[Data excerpts Boundary: Start]
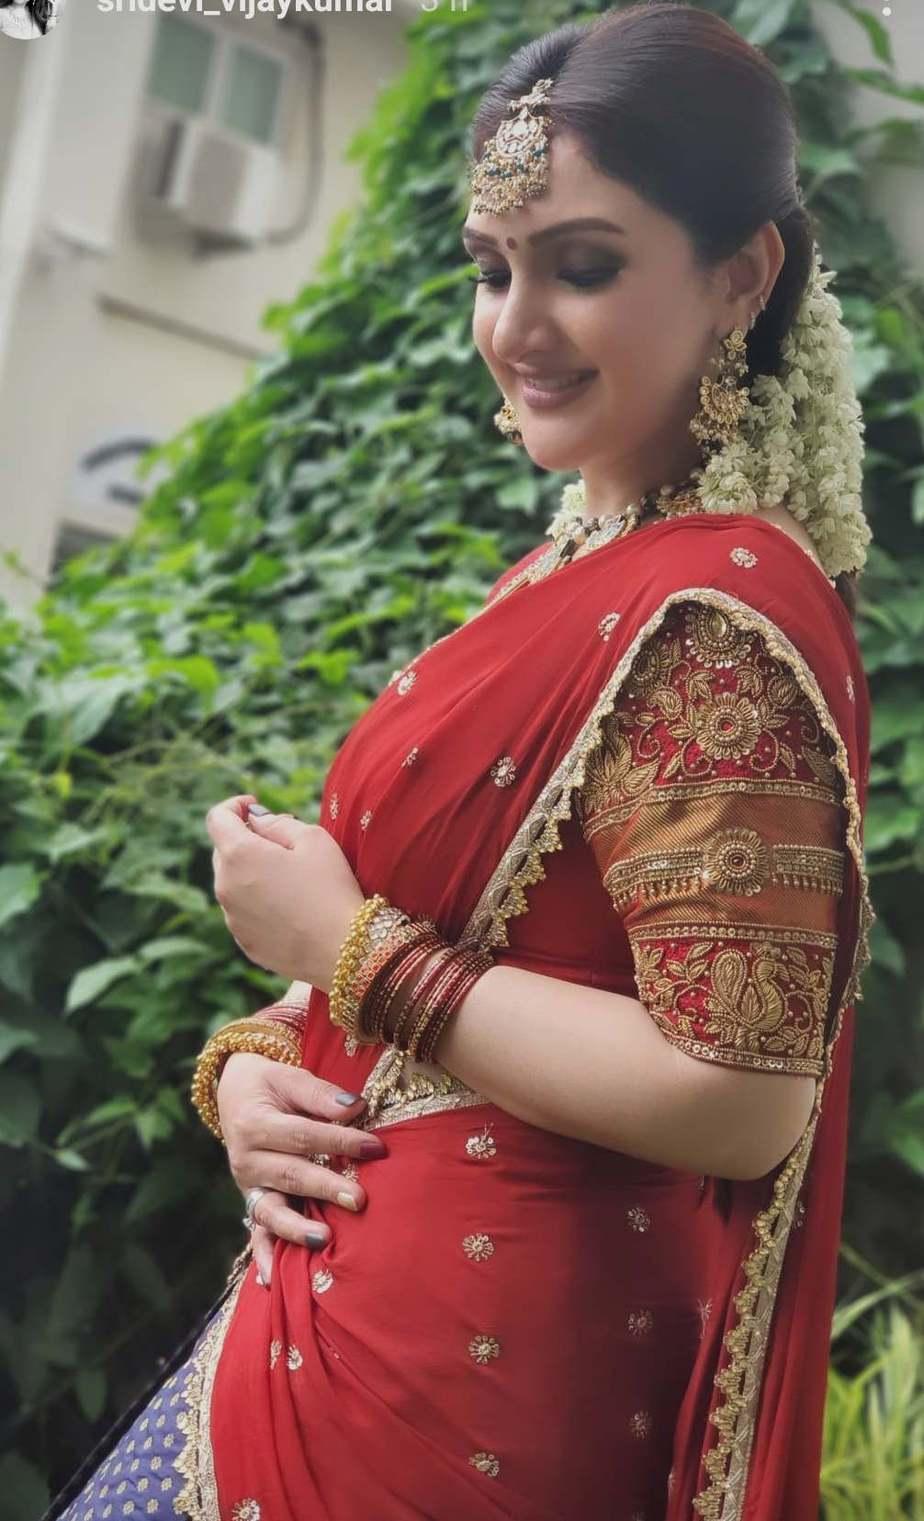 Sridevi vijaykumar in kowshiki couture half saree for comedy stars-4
[Data excerpts Boundary: End]
[Data excerpts Boundary: Start]
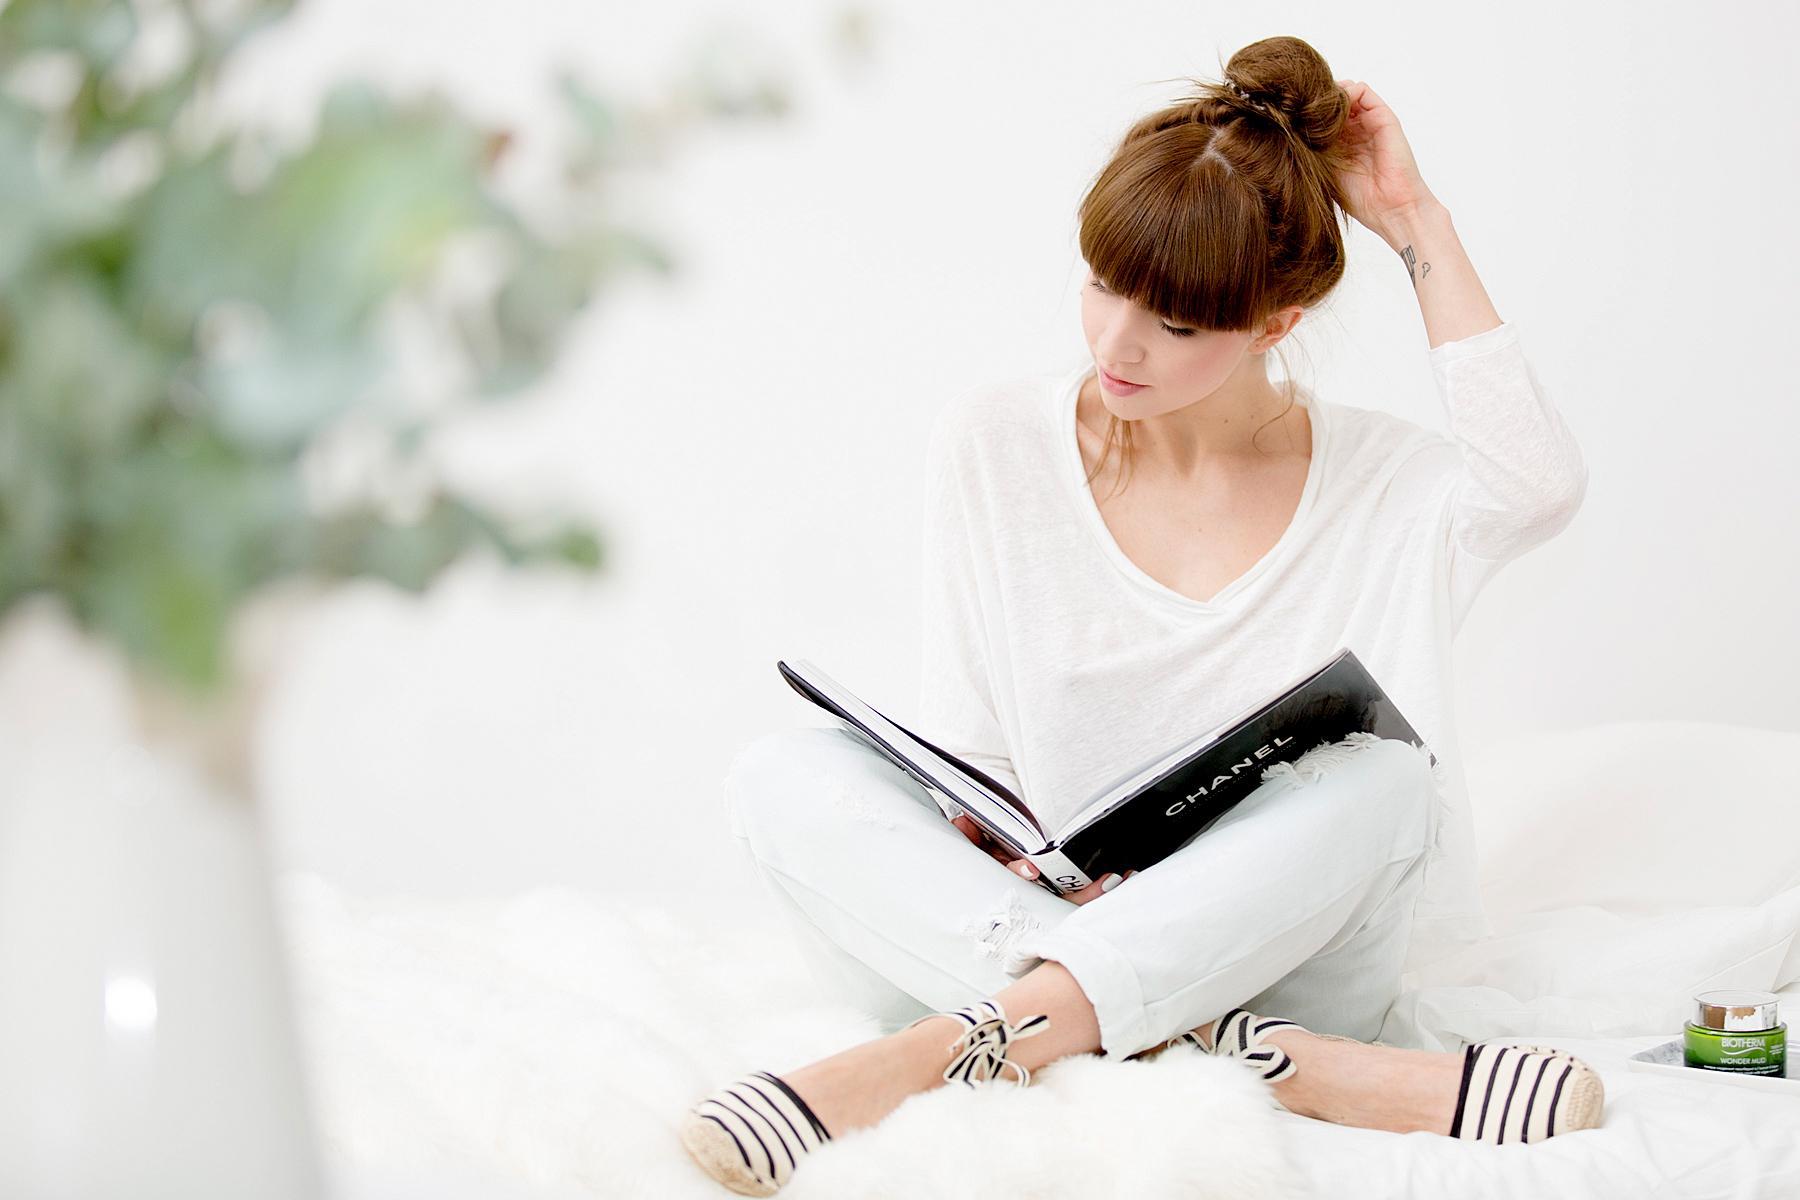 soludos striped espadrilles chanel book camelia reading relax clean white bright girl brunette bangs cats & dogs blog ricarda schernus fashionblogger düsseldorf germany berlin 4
[Data excerpts Boundary: End]
[Data excerpts Boundary: Start]
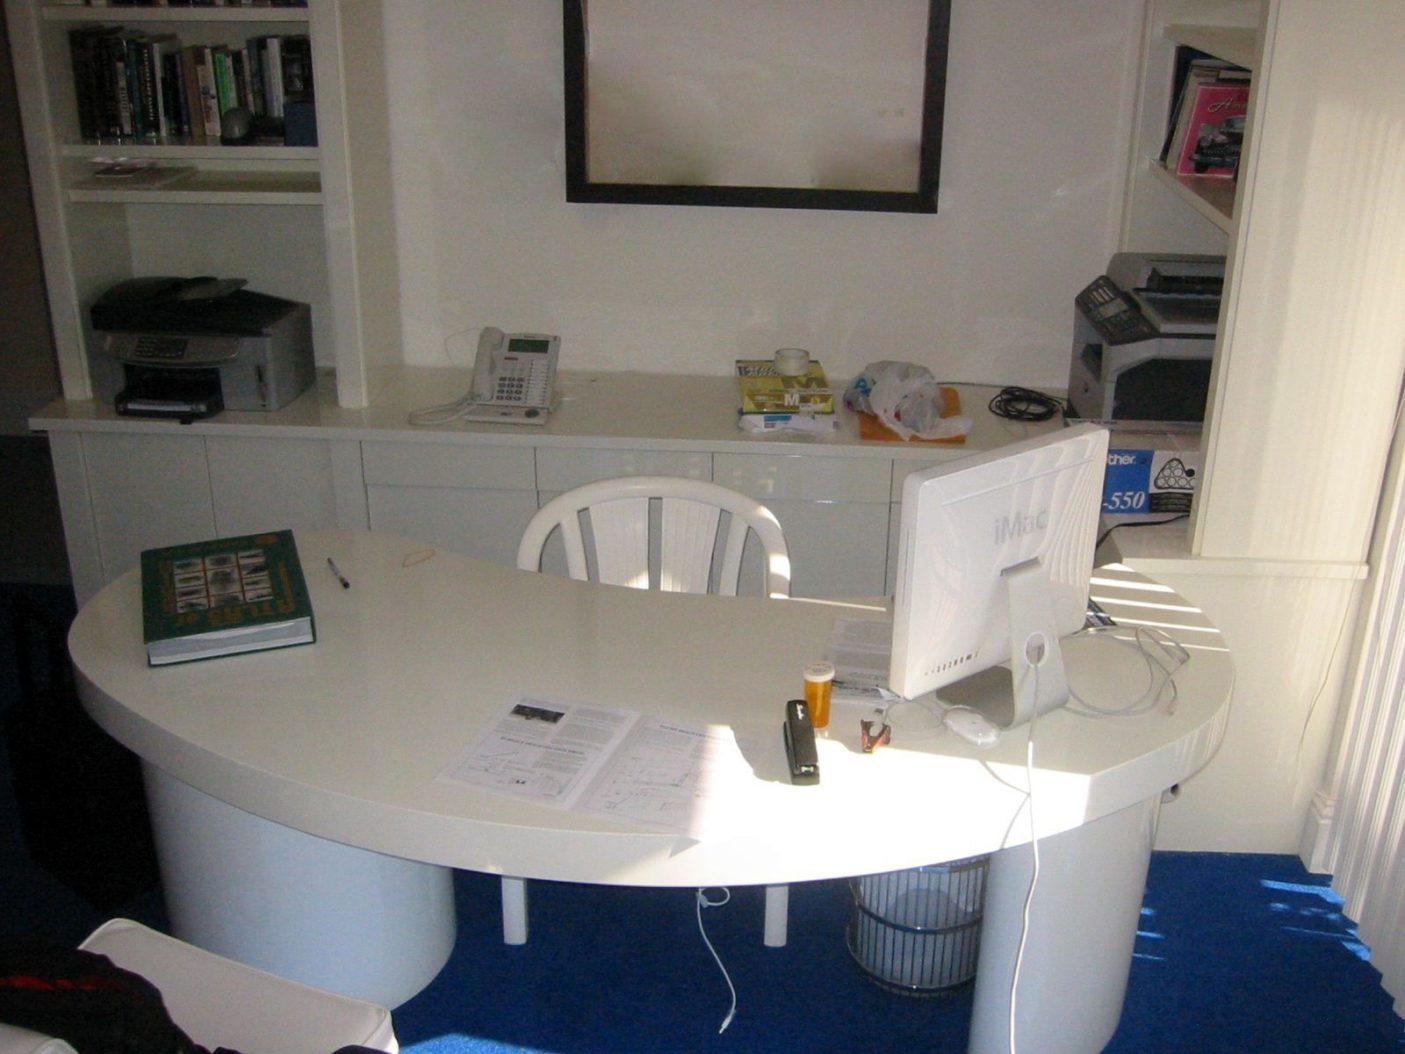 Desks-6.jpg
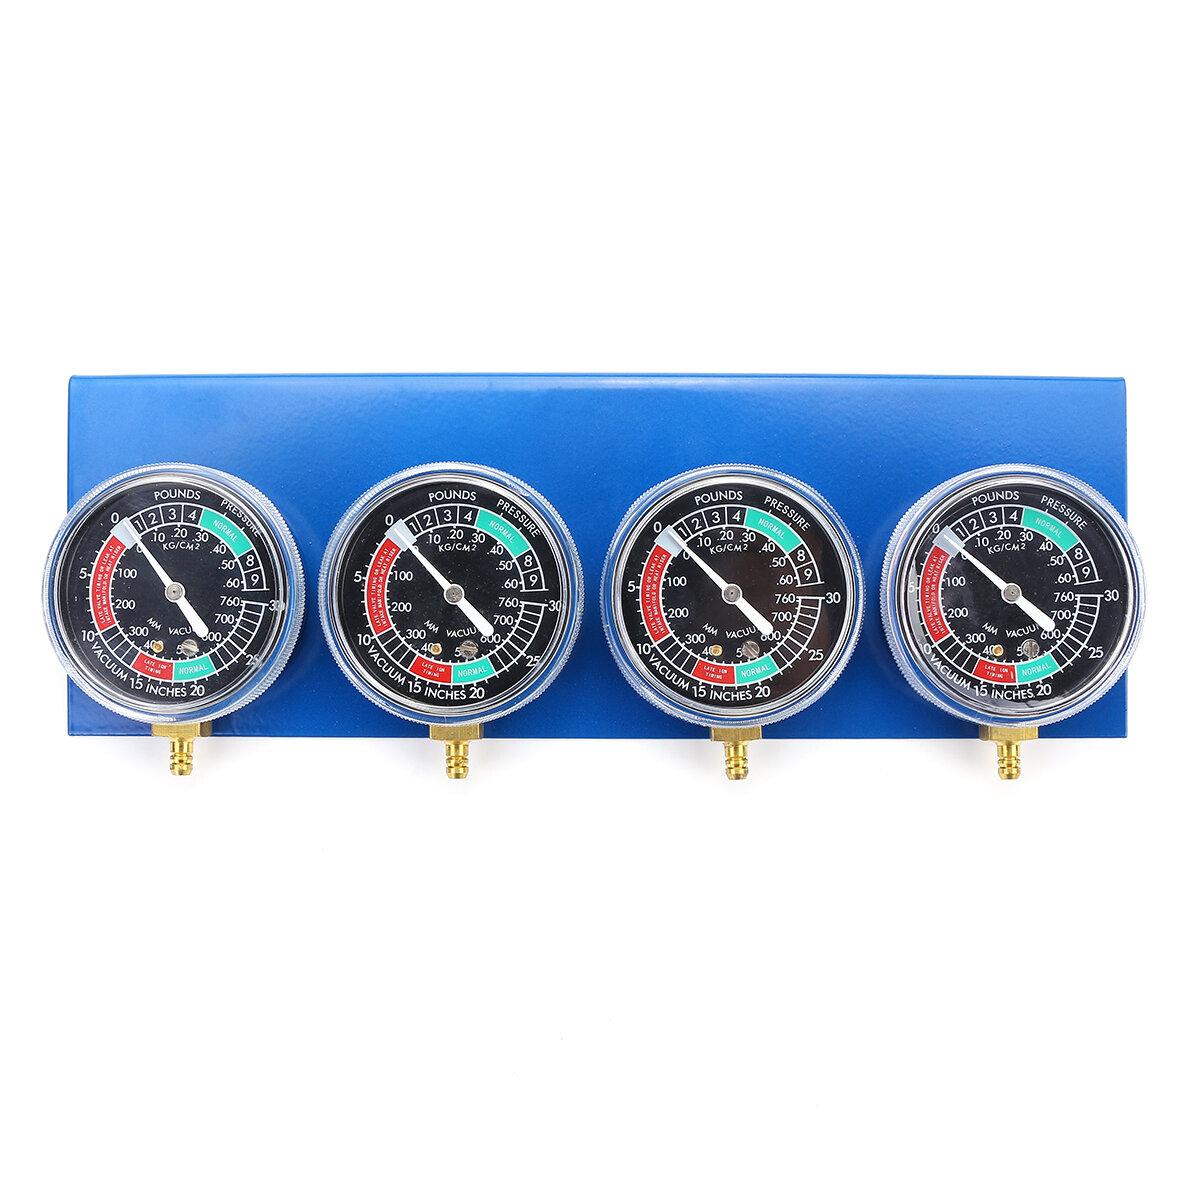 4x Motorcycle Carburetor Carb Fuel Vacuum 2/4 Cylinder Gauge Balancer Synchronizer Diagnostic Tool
[Data excerpts Boundary: End]
*Action item:*
Look above for the line with "Desks-6.jpg" and the line with "4x Motorcycle Carburetor", then copy exactly the lines from the first through the second, both kept, with no pictures.

*Answer for this exercise:*
 Desks-6.jpg
 4x Motorcycle Carburetor Carb Fuel Vacuum 2/4 Cylinder Gauge Balancer Synchronizer Diagnostic Tool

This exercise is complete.